Drone beetle Kanabun

* Scientific name: Rhomborrhina japonica
* Description: Large, handsome and sturdy insects, drone beetles have distinctive antennae that end in a club that can be fanned out to form a leafy antenna with a large surface area -- the better to detect odors carried in the air. The beetles are around 4 cm long, with large eyes and a metallic sheen on the exoskeleton ranging from copper to green. There is a triangular section on the abdomen where the wing cases meet, and the head is large, armored and rectangular in shape. The legs are broad and very strong, with hooks on the end enabling them to grip hard to tree trunks.
* Where to find them: In deciduous forests and parks in Honshu, Shikoku and Kyushu.
* Food: Drone beetles are fond of liquid diets. They fly to trees that are leaking sap, and feed on the fluid. When flying, the heavy insects hang awkwardly in the air, legs held outward ready to land, and the wing cases held clear of the large hind wings. They make a droning buzz when airborne. Drone beetles also eat flower nectar and the juices made by soft ripe fruit. To find the best source of food, the beetles spread out their leafy antennae to detect the telltale smells of fruit and sap. The large, fat larvae of drone beetles live in soil and rotting logs, and feed on decomposing leaves.

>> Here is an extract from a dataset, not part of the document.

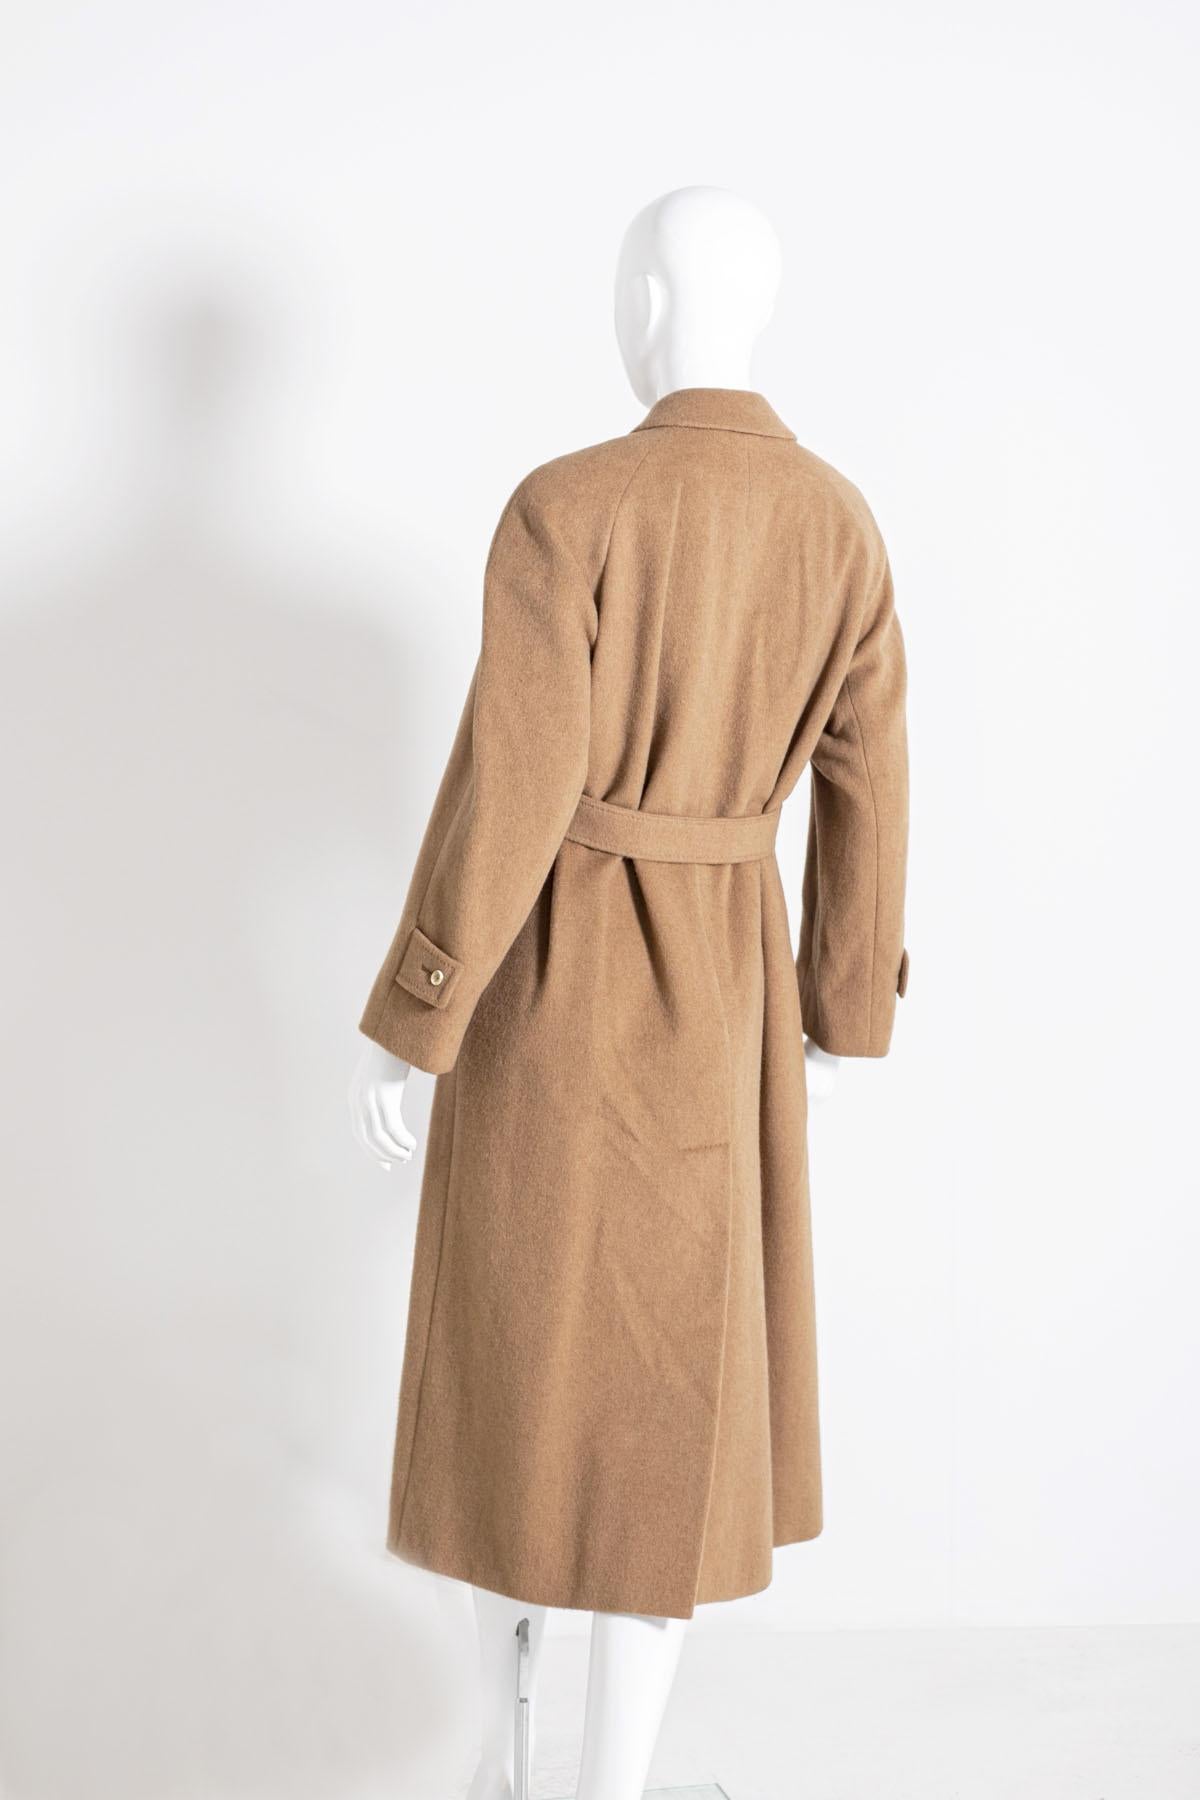 Manteau Aquascutum pour femme des années 90, couleur camel, fait de 100% pur Cachemire. 
Ligne classique, avec cinq boutons sur le devant et deux poches confortables, longueur cheville avec ceinture assortie réglable. L'intérieur est doublé en 100%

* Special features: Drone beetles are a type of scarab beetle, which were revered by the ancient Egyptians. The sacred Egyptian scarabs were dung beetles, and it has even been suggested that their habit of making a "brood ball" of dung in which their larvae live inspired the Egyptians to create the mummifying process. Drone beetles are not as common as they used to be. One of the Chinese characters for kanabun is a form of the character for "mosquito." They don't bite, but perhaps in the past they were as common, and as noisy when flying, as mosquitoes.